The meetup I mentioned is now scheduled and can be found here.
@koaning I am working on Colab because my Nvidia Card on the laptop is 820M and from my extensive research I did not find a way to setup up Tensorflow GPU. I figured out that I am supposed to configure the tokens through the Rasa-NLU Registry file in order for it to work using Colab so now I am trying to figure out a way to do that, if you have any suggestions please let me know.

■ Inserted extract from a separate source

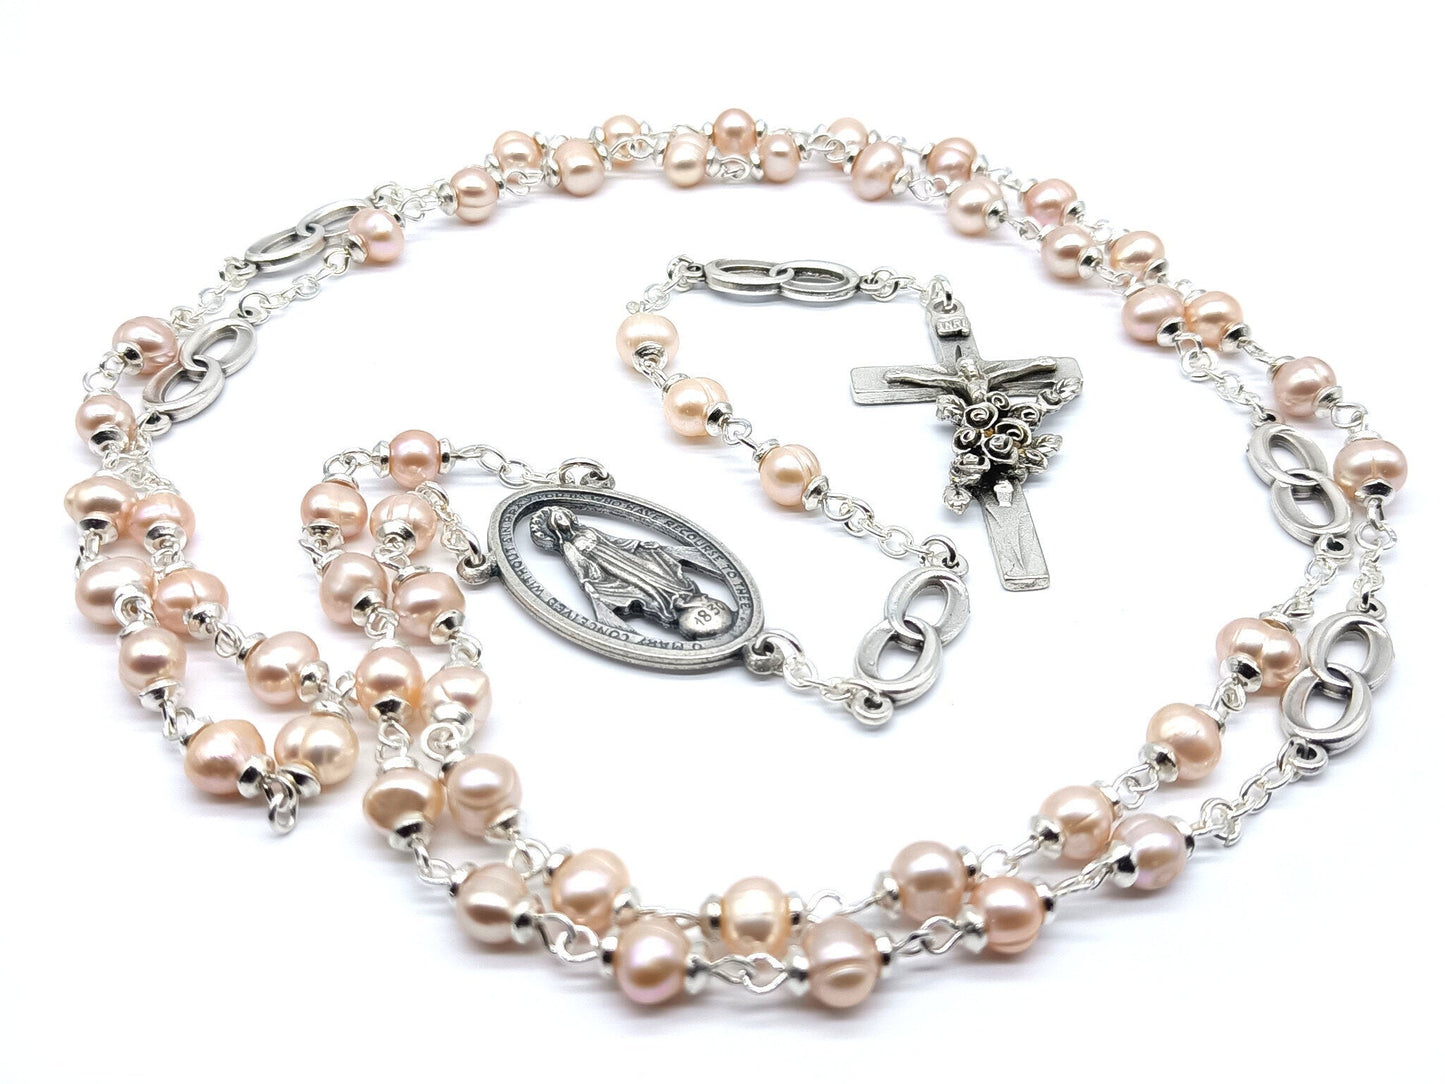 Mother of pearl unique rosary beads wedding rosary with miraculous medal, ring links pater beads and silver crucifix.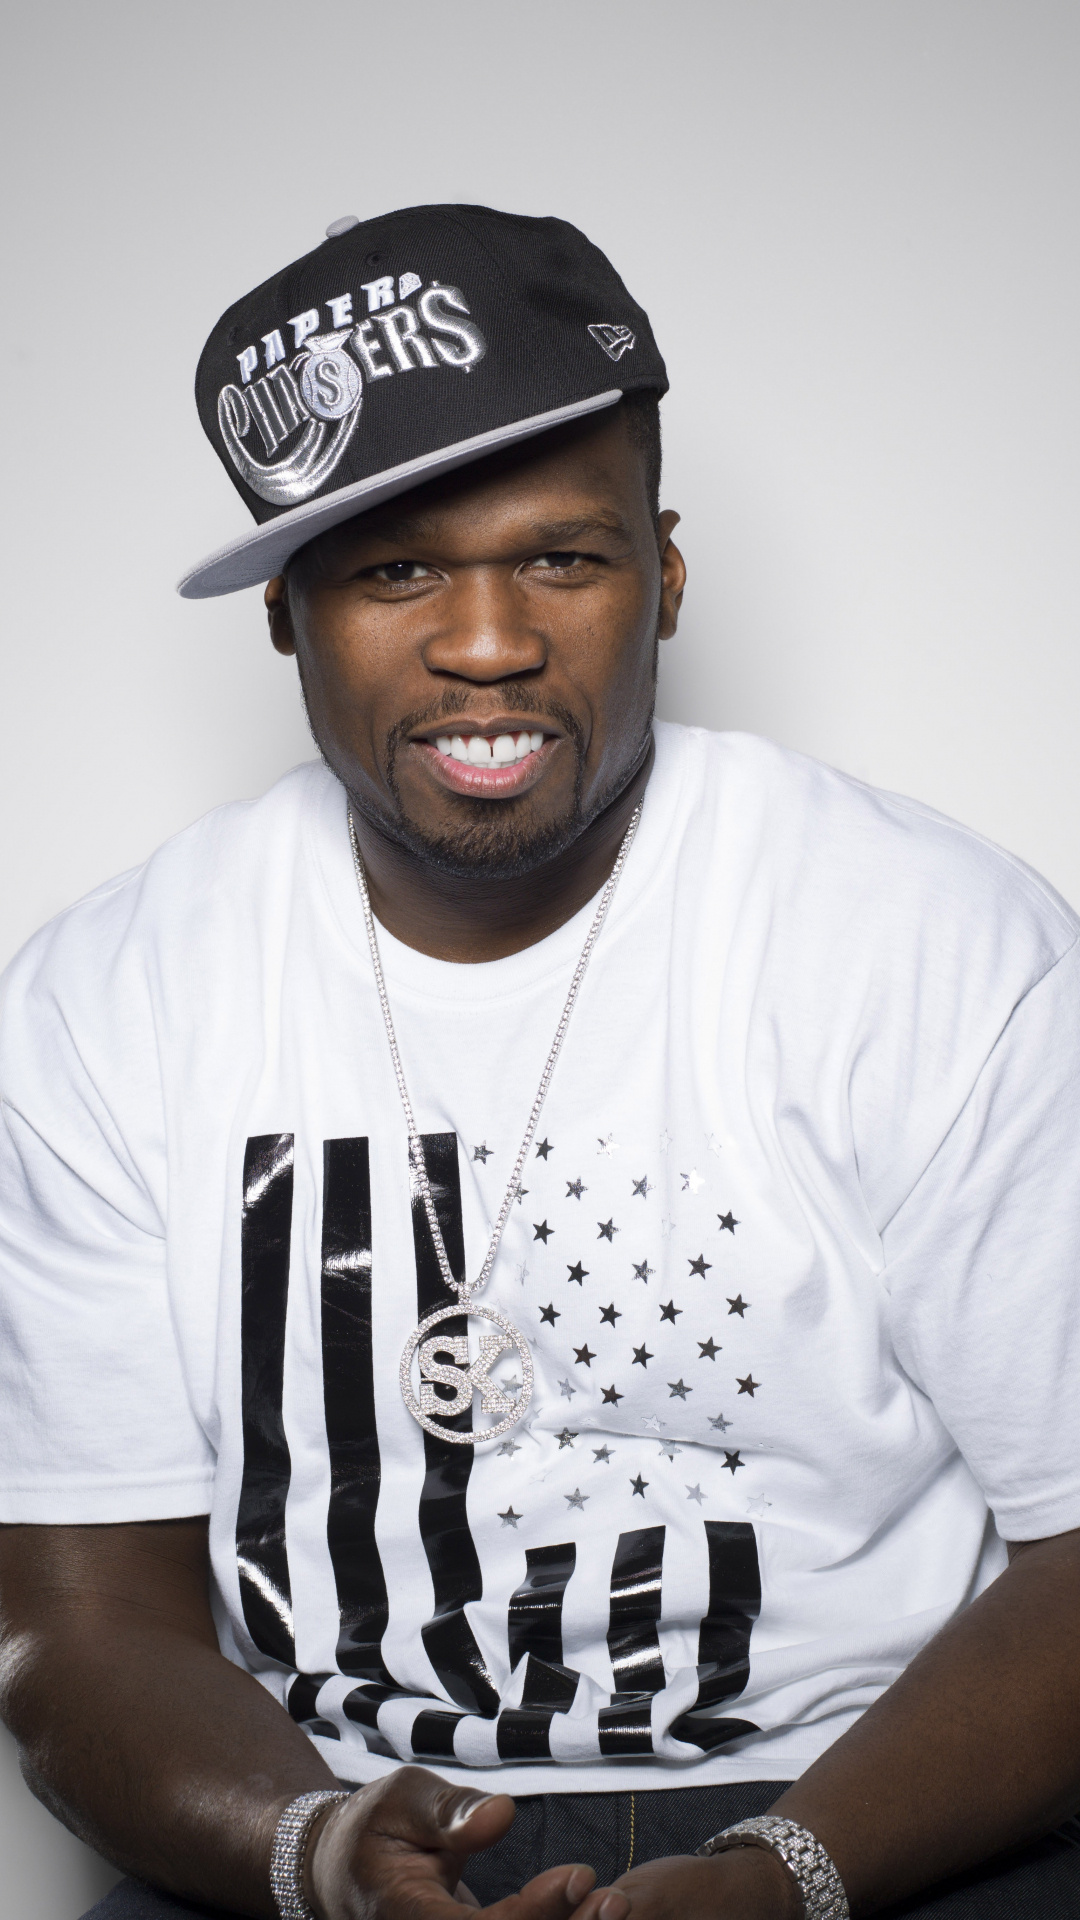 50 Cent: "How to Rob" was released as the commercial debut single by Columbia Records. 1080x1920 Full HD Wallpaper.

You don’t need a GPU for Rasa to be honest. In fact; I’ve never trained Rasa with a GPU. I run all of my Rasa workloads on an intel NUC that only has 6 CPU cores.
It depends slightly on your dataset size perhaps though. How many intents/entities/examples do you have?
@koaning It finally worked turns out the issue was with using Rasa_NLU and Rasa_Core. This is what I had to import to get it to work.
Install Rasa NLU and Rasa Core
!{python} -m pip install -U rasa;
!{python} -m pip install sklearn_crfsuite;
!{python} -m pip install tensorflow;
!pip install -U spacy;
import rasa #rasa =2.1.0
import spacy
import pandas
import sklearn_crfsuite
print("rasa: {}".format(rasa.__version__)) #to see the version of rasa being used
Training the Rasa NLU Model
from rasa.nlu.train import load_data
from rasa.nlu.config import RasaNLUModelConfig
from rasa.nlu.model import Trainer
from rasa.nlu import config # To import your config file, should be called directly above the rest of the NLU training part of the code and not at the beginning of your code
from rasa.nlu.test import run_evaluation
Training the Domain Model
from rasa.core.policies.policy import *
Start up the bot
from rasa.core.interpreter import *
Config used
config = '''
# https://rasa.com/docs/rasa/nlu/components/
language: ar
pipeline:
- name: WhitespaceTokenizer
- name: RegexFeaturizer
- name: LexicalSyntacticFeaturizer
- name: CountVectorsFeaturizer
- name: CountVectorsFeaturizer
analyzer: "char_wb"
min_ngram: 1
max_ngram: 4
- name: DIETClassifier
epochs: 100
- name: EntitySynonymMapper
- name: ResponseSelector
epochs: 100
'''
%store config > config.yml
Now, however, I’m facing a problem with from rasa.core.agent import Agent
if you have any suggestions please let me know and if I figure it out I will also send the correct version.
I am also facing the same during the import of Agent
let me know if you found a solution.
I’ve ask here Rasa.core.agent import Agent Issue. I’ll definitely keep you update, same goes to you.
are you found any solution about using arabic chatbot with rasa ?
I need to support both Arabic and English for the same chatbot. any advice on the configs for nlu?